Le bon réflexe, donc : MagicSchool pour explorer largement, et pour tout ce qui touche aux langues vivantes, où l'anglais devient un atout. Quill quand tu remplis des bulletins, Aména quand tu prépares un document pour un élève à besoins particuliers. Ces deux moments-là reviennent chaque trimestre, et ce sont ceux où une reprise à la main coûte le plus cher.
Je n'ai pas testé MagicSchool.ai moi-même : ces informations viennent de recherches web (avis d'enseignants, comparatifs), pas d'un usage direct. Impossible pour l'instant de confirmer avec certitude si la version française actuelle a été améliorée depuis les retours consultés (certains datent de la période 2024-2025), ni s'il existe une offre établissement ou académie en France. Si l'outil est testé en conditions réelles, cette section sera remplacée par un vrai retour d'usage.
Si tu cherches un outil unique plutôt que dix spécialisés, c'est le plus large du marché, et son plan gratuit permanent permet de s'en faire une idée sans engagement.

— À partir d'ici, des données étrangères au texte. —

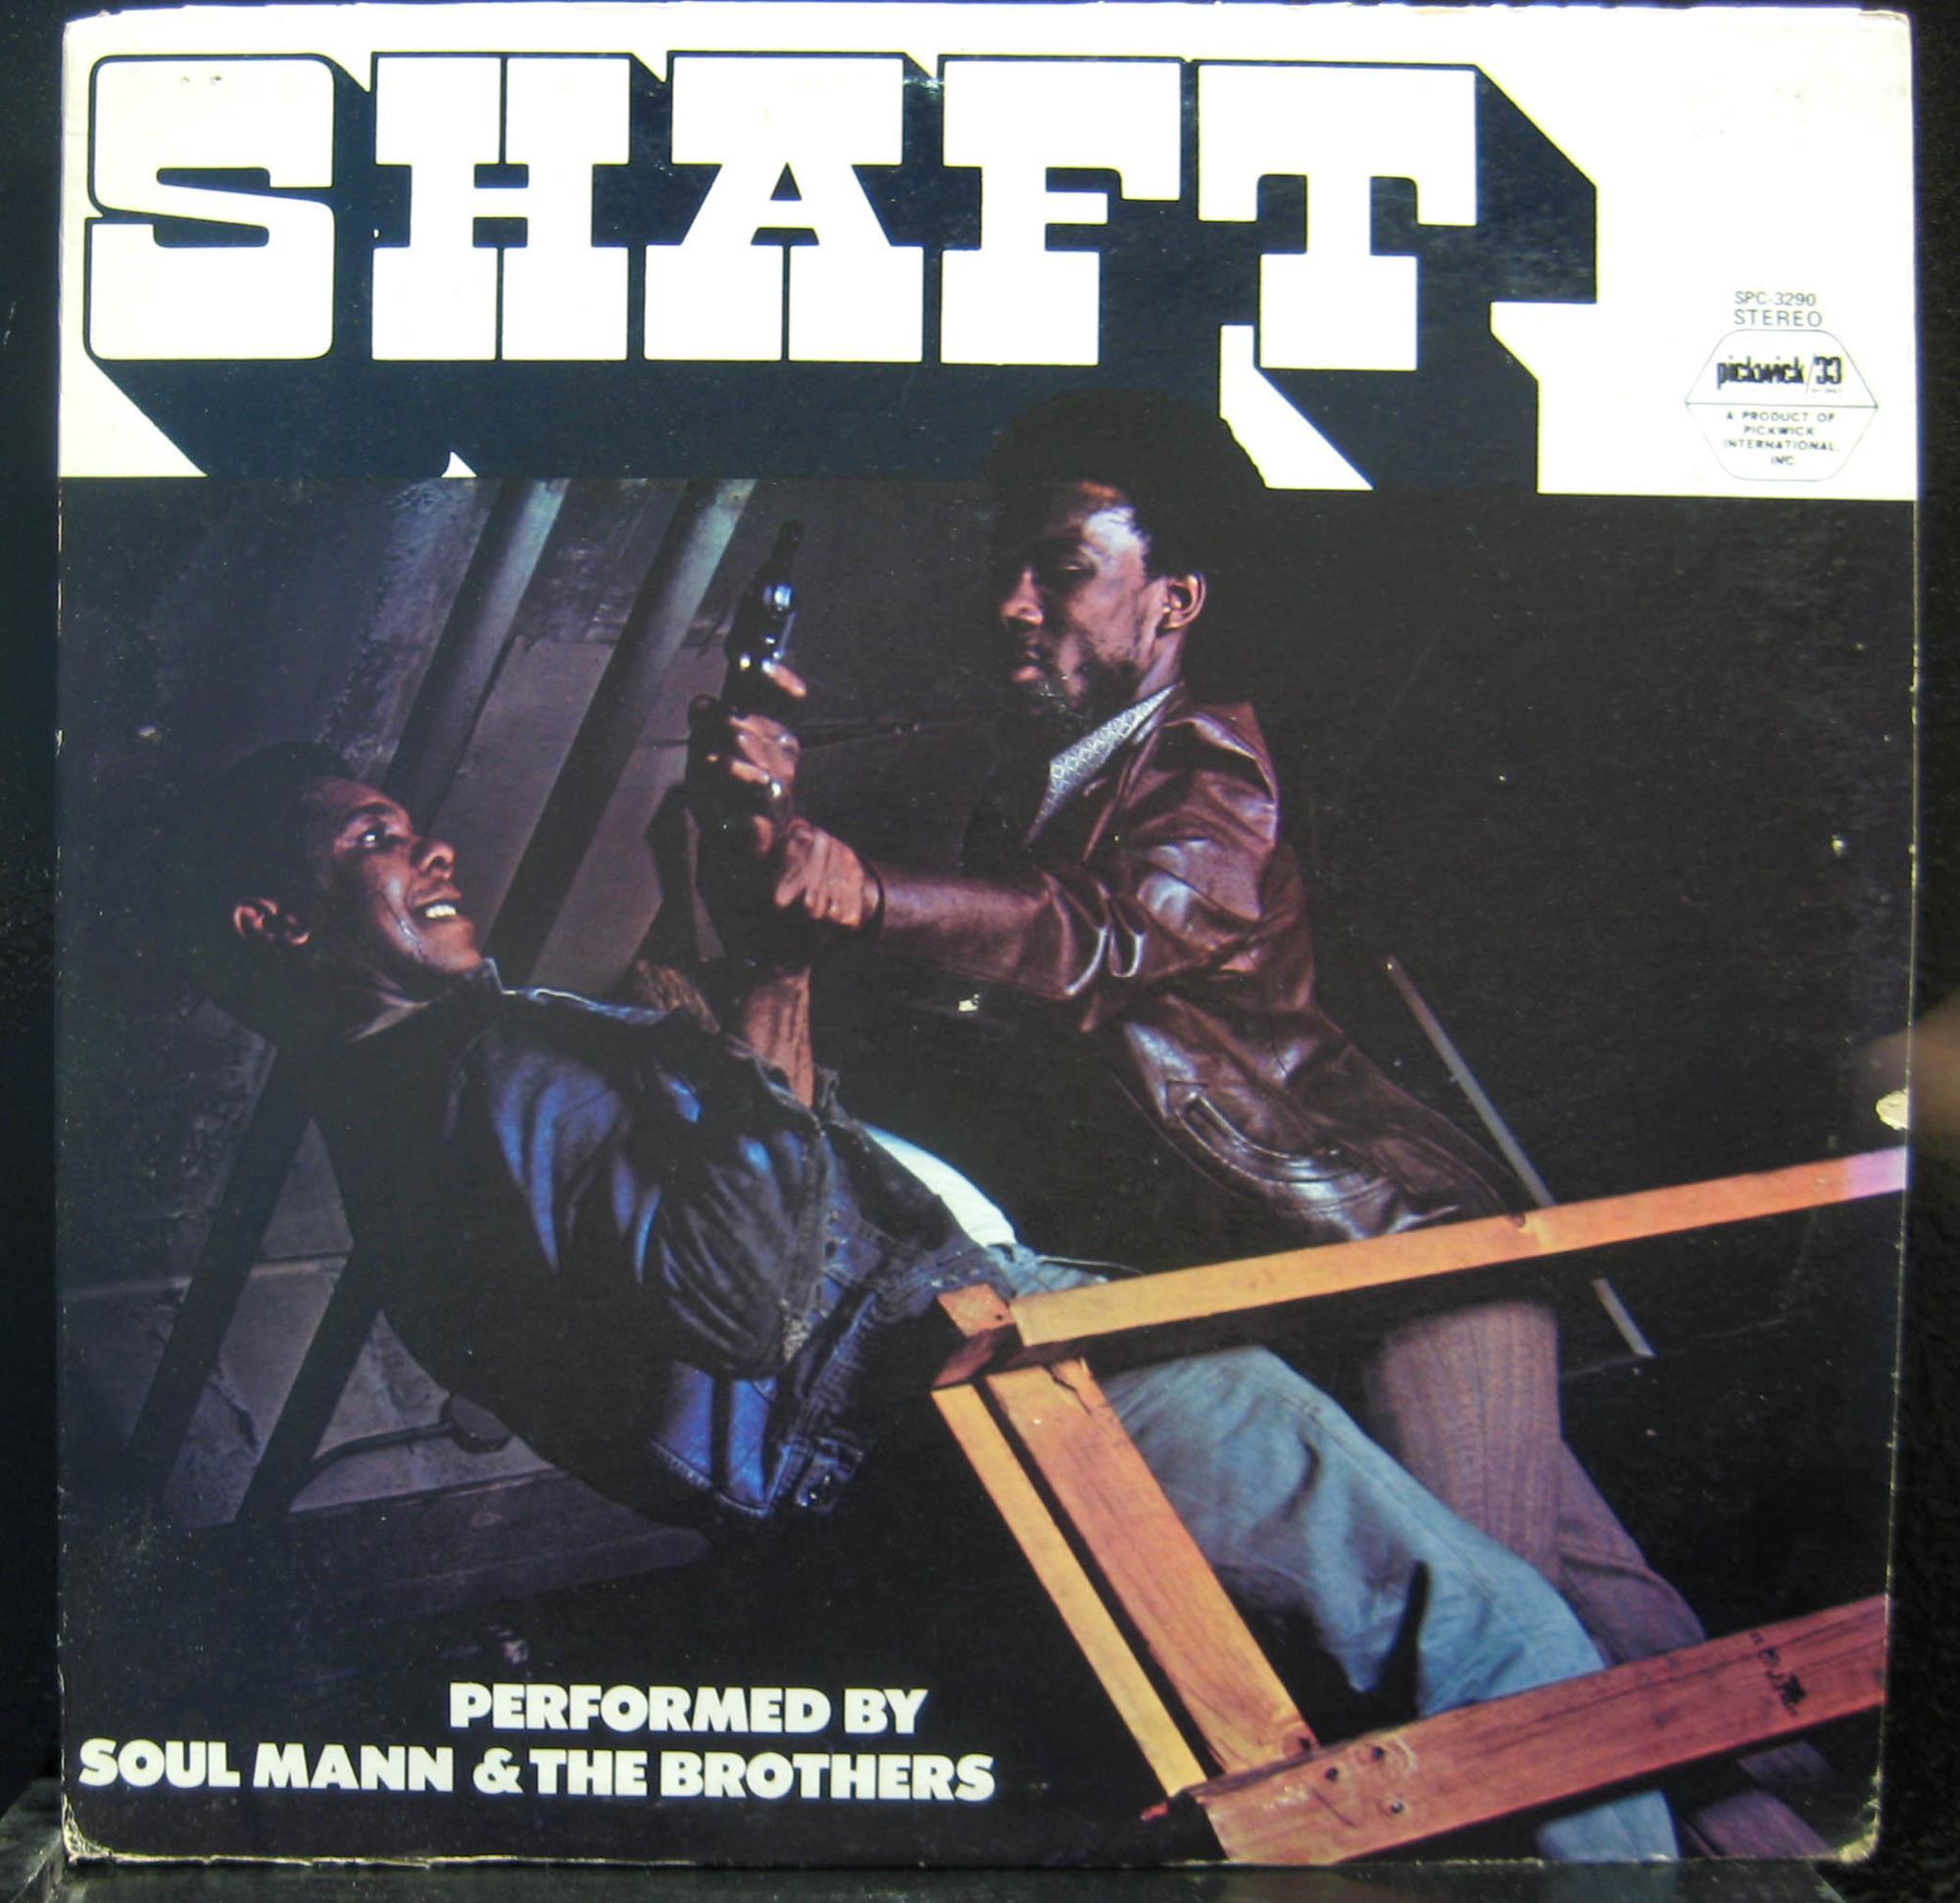 SOUL MANN & THE BROTHERS - Soul Mann & The Brothers Shaft Lp Vg+ Spc 3290 Vinyl 1971 Record (shaft)

Mais son intérêt pour toi tient à une question : dans quelle langue produis-tu tes supports ? L'outil est conçu pour un public anglophone et sa traduction française est jugée maladroite par endroits, ce qui impose une relecture systématique avant de donner quoi que ce soit à des élèves. Si tu enseignes une langue vivante, ce défaut devient presque un atout ; en français ou en histoire-géo, c'est du temps de correction qui rentre par la fenêtre. Et sur les deux moments où l'erreur coûte le plus cher, ne fais pas traduire un outil américain : pour les bulletins, Quill part de ton export PRONOTE et ne dépasse jamais ses limites de caractères ; pour un élève à besoins particuliers, Aména travaille dans le cadre PAP/PPS et ne fait sortir aucun document de ton navigateur. Les deux ont un palier gratuit.